Gather every line in the records below that contains the word "Shirt".

(Given entries)

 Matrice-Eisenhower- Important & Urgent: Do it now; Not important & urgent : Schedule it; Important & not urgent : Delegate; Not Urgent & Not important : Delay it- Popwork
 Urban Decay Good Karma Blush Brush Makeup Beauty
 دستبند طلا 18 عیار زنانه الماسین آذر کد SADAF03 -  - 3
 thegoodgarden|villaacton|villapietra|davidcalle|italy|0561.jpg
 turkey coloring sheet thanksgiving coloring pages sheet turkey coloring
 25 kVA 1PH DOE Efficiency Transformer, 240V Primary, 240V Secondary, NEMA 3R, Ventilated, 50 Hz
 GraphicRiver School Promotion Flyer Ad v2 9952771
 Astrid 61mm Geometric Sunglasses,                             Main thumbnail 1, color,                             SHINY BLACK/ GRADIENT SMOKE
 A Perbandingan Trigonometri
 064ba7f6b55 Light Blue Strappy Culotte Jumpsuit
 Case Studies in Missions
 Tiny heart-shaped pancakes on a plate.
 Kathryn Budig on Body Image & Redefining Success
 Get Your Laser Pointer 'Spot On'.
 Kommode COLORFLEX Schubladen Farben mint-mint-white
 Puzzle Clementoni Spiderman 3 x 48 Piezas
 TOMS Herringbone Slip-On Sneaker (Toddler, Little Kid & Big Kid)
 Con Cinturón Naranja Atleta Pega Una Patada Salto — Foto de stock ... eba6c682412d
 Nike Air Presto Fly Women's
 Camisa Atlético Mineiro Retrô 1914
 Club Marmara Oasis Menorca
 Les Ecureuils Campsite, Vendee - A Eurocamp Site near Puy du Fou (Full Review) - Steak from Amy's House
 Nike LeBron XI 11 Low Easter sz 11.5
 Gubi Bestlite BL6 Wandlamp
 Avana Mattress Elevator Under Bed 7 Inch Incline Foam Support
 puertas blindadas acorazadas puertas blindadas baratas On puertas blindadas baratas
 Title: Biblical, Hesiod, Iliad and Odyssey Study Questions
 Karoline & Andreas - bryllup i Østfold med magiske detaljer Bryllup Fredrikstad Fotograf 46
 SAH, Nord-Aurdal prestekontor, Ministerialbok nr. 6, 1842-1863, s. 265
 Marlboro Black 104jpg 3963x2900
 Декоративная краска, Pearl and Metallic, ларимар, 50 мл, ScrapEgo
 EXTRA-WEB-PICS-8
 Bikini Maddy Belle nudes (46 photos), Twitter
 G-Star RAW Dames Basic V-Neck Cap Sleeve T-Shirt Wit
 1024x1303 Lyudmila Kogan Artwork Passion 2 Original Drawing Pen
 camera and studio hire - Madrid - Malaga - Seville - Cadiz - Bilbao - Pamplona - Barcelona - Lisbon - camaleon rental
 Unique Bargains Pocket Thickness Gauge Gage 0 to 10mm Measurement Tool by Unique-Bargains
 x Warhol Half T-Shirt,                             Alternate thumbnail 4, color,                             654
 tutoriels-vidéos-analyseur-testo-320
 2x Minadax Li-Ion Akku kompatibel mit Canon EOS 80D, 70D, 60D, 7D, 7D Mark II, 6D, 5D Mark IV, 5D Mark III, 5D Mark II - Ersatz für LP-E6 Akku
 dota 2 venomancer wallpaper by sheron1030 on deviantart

(End Given entries)

- _Task result_
 G-Star RAW Dames Basic V-Neck Cap Sleeve T-Shirt Wit
 x Warhol Half T-Shirt,                             Alternate thumbnail 4, color,                             654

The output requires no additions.